The Practical Side of the Program
The final portion of The Cheese Trap is a program book, complete with recipes and strategies for breaking cheese dependence. This section is less intellectually interesting than the research and industry analysis that precede it, but it is clearly the part Barnard considers most important. He includes detailed meal frameworks, cheese substitutes, and craving management strategies, all delivered without the moralizing tone that afflicts a lot of dietary change literature.
Joe Knezevich’s narration handles the recipe sections without becoming a food podcast. He reads them matter-of-factly, which is the right approach. The more engaging challenge he faces is maintaining momentum through the densely referenced scientific passages, and he does this competently without adding theatrical inflection that would undermine Barnard’s clinical register.
Who Should and Should Not Listen
The Cheese Trap is most useful for listeners who have noticed an inconsistency between their general eating intentions and their specific relationship with dairy, or who are curious about how the food industry shapes nutritional advice in ways that benefit producers rather than consumers. It works both as a standalone dietary argument and as a gateway to Barnard’s broader body of work on plant-based health. Listeners familiar with his other books, including Power Foods for the Brain, will find updates to the research and new clinical case studies.
If you are looking for a book that will reinforce a cheese-inclusive diet or that treats current nutritional guidelines as settled science, this one will not satisfy you. Barnard is explicitly arguing against the consensus on dairy, and he does so with enough documentation to make that position uncomfortable to dismiss outright. The Cheese Trap is not comfortable listening. It is, however, honest listening, and that is worth something.
Frequently Asked Questions
Is the claim that cheese triggers opioid receptors scientifically supported, or is it overstated?
The casomorphin research Barnard references is real, though the scientific community debates how significant the effect is in normal dietary consumption. Barnard presents it as one contributing factor in cheese’s addictive quality rather than a singular explanation, and reviewers with research backgrounds have found his summary accurate within its stated scope.

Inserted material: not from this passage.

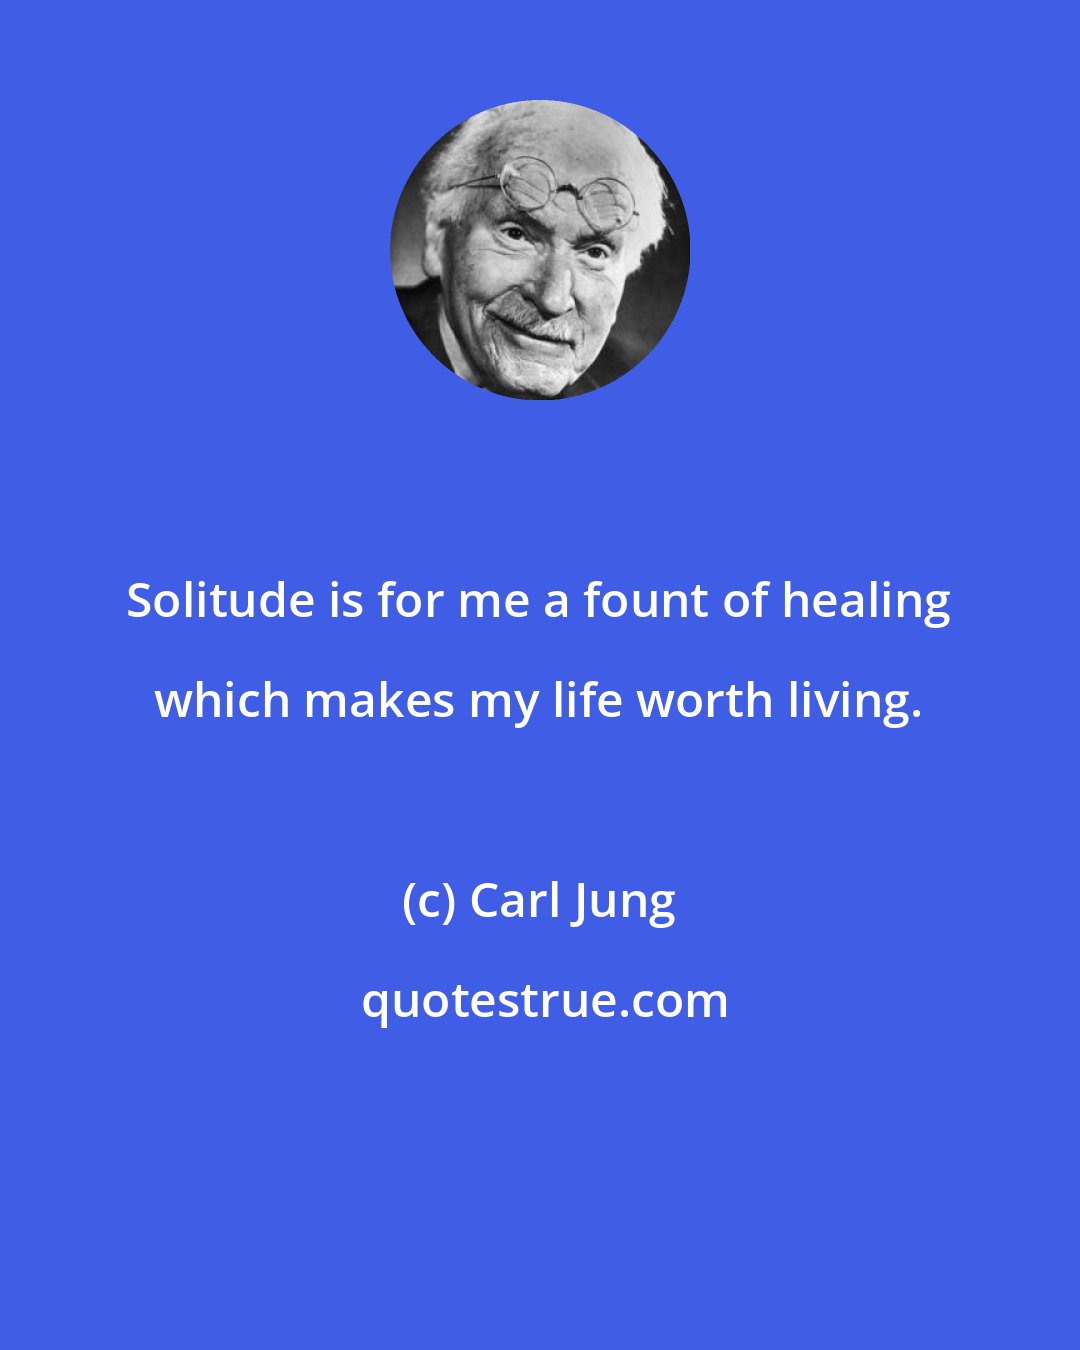 Carl Jung: Solitude is for me a fount of healing which makes my life worth living.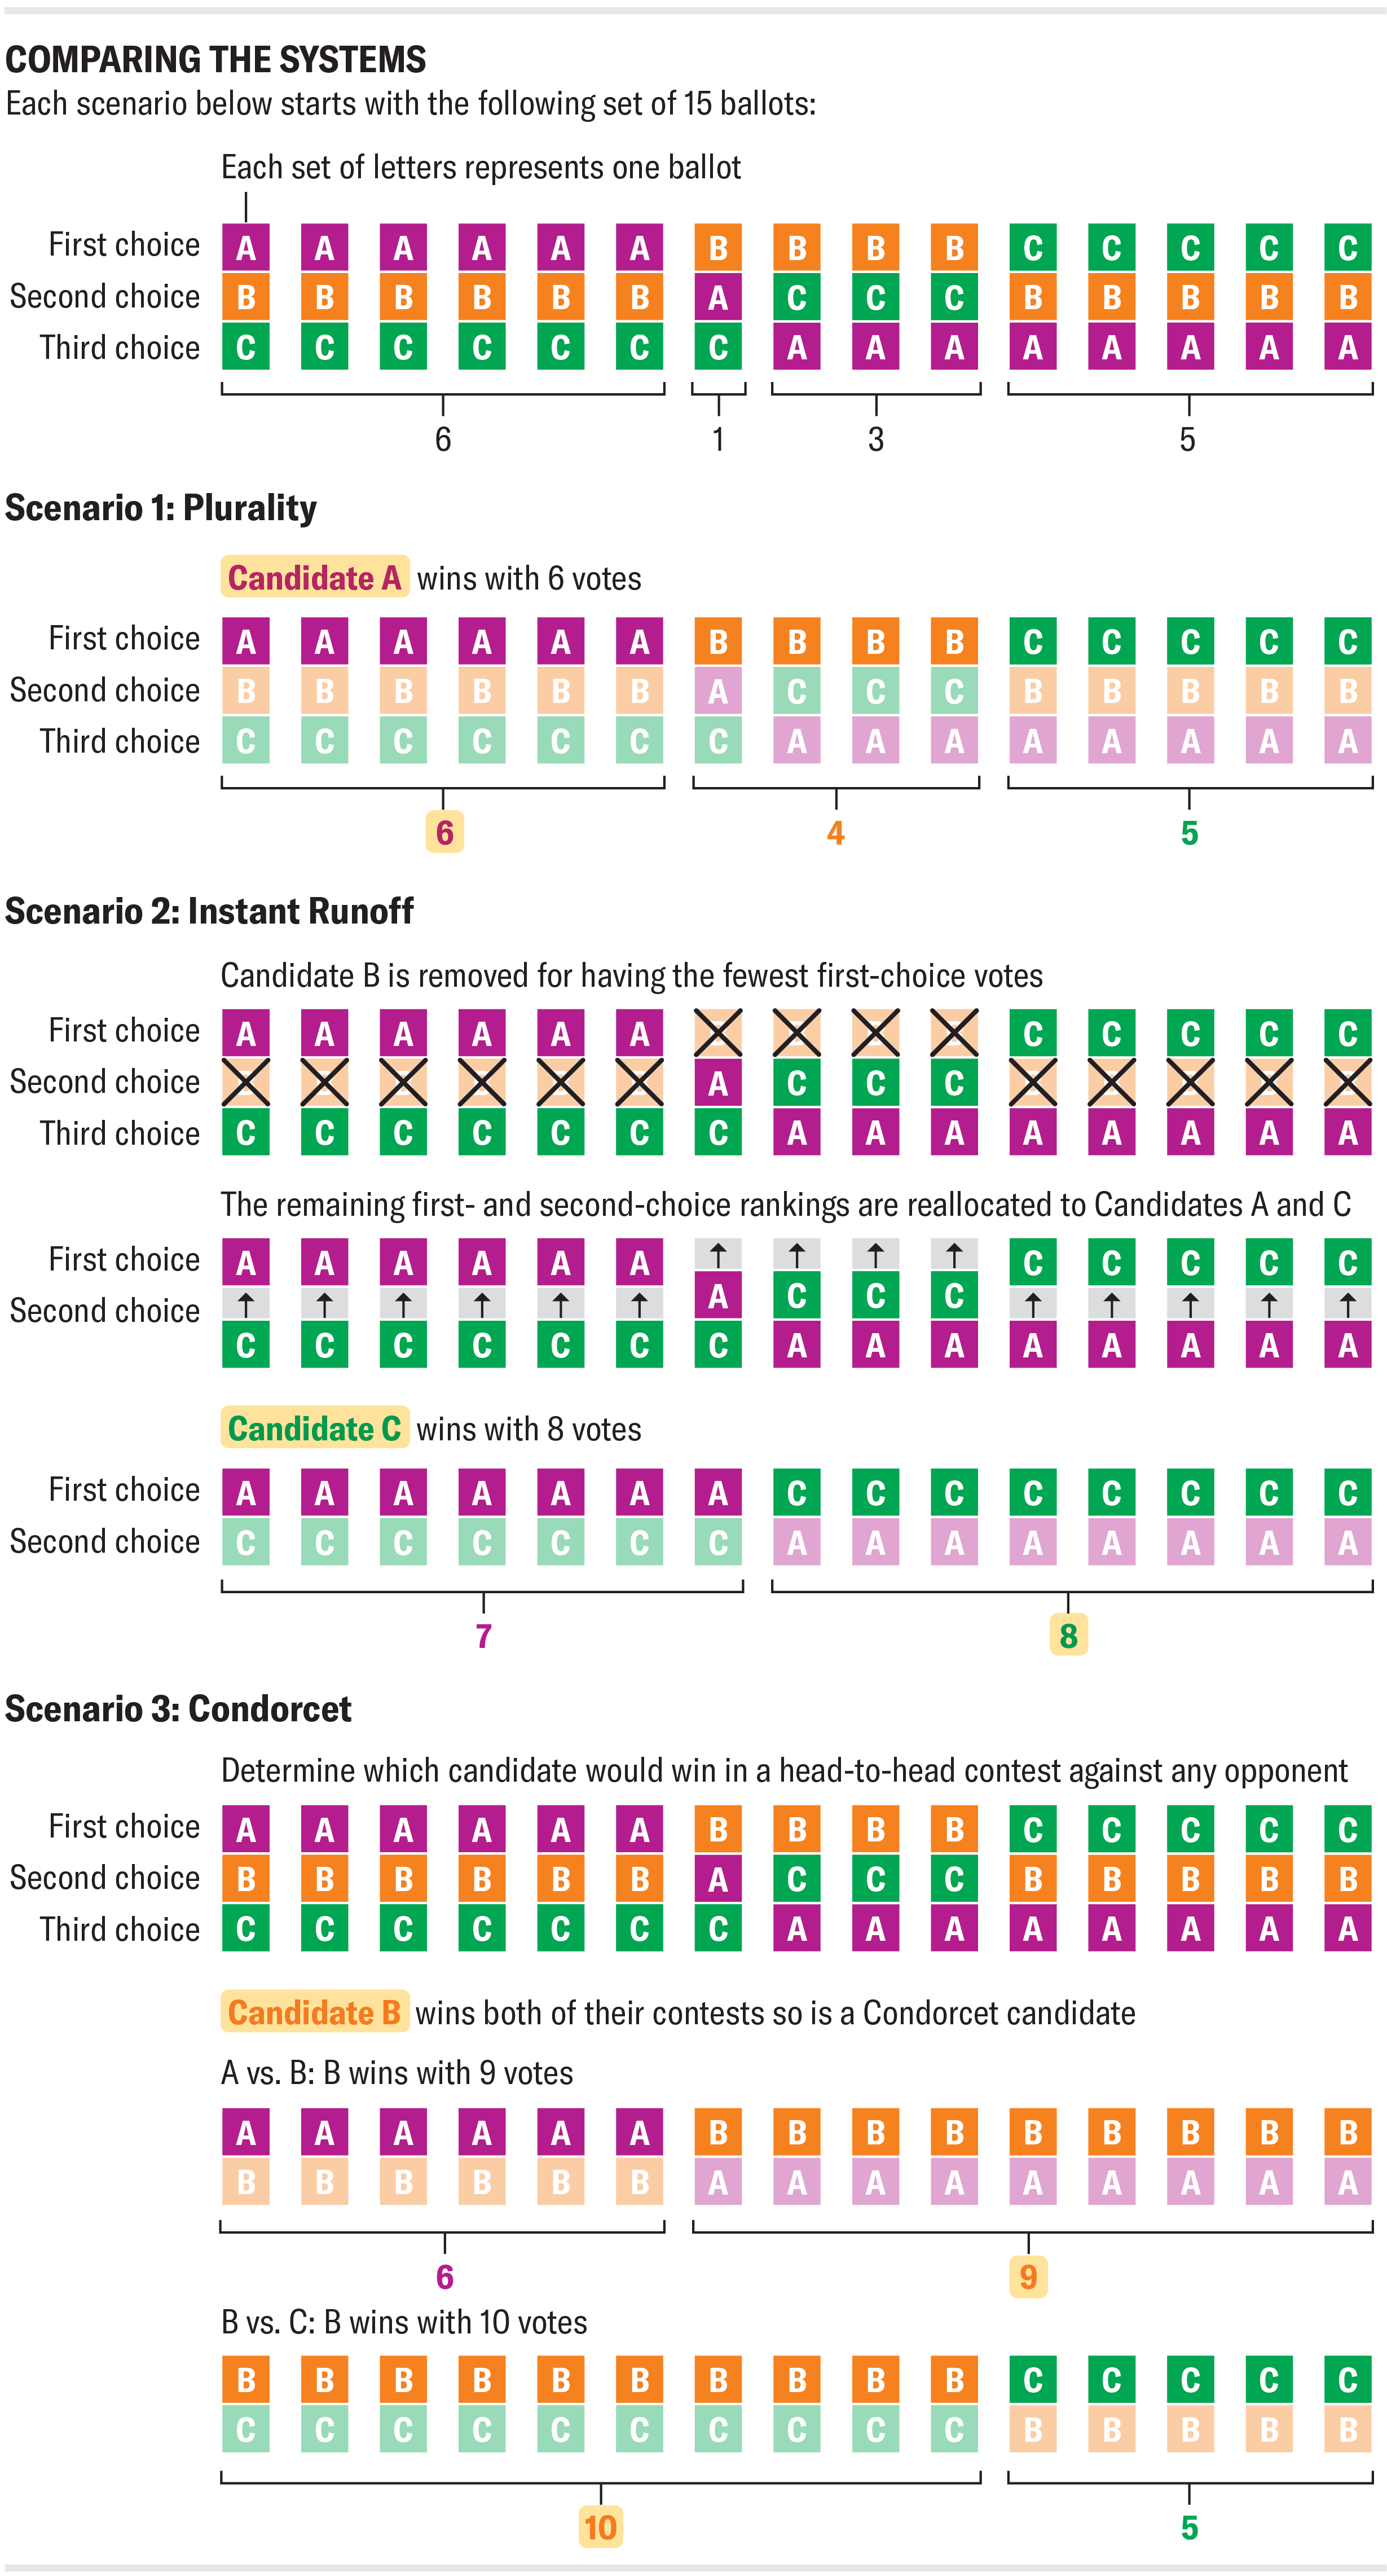 Graphic shows plurality, instant runoff and Condorcet voting system scenarios, all starting with the same set of ballots but ending with different winners.

Does the audiobook include the recipes and meal plans from the print version?
Yes, the program and recipe sections are included in the audio version. Joe Knezevich reads them clearly, though listeners who want to follow the meal plans practically will likely want access to the print book or ebook version as well.
How does The Cheese Trap differ from Barnard’s other nutrition audiobooks?
This book focuses specifically on cheese as its subject and includes an extended analysis of the dairy industry’s political and economic influence on dietary guidelines, which is more developed here than in his earlier works. It also updates the scientific data with more recent research than his prior titles.
Is the tone of the audiobook judgmental toward people who eat cheese?
No. Multiple reviewers specifically noted that Barnard avoids scare tactics and moralizing. The book acknowledges why cheese is difficult to give up and frames the program as empowerment rather than condemnation. The clinical and occasionally humorous tone is maintained throughout.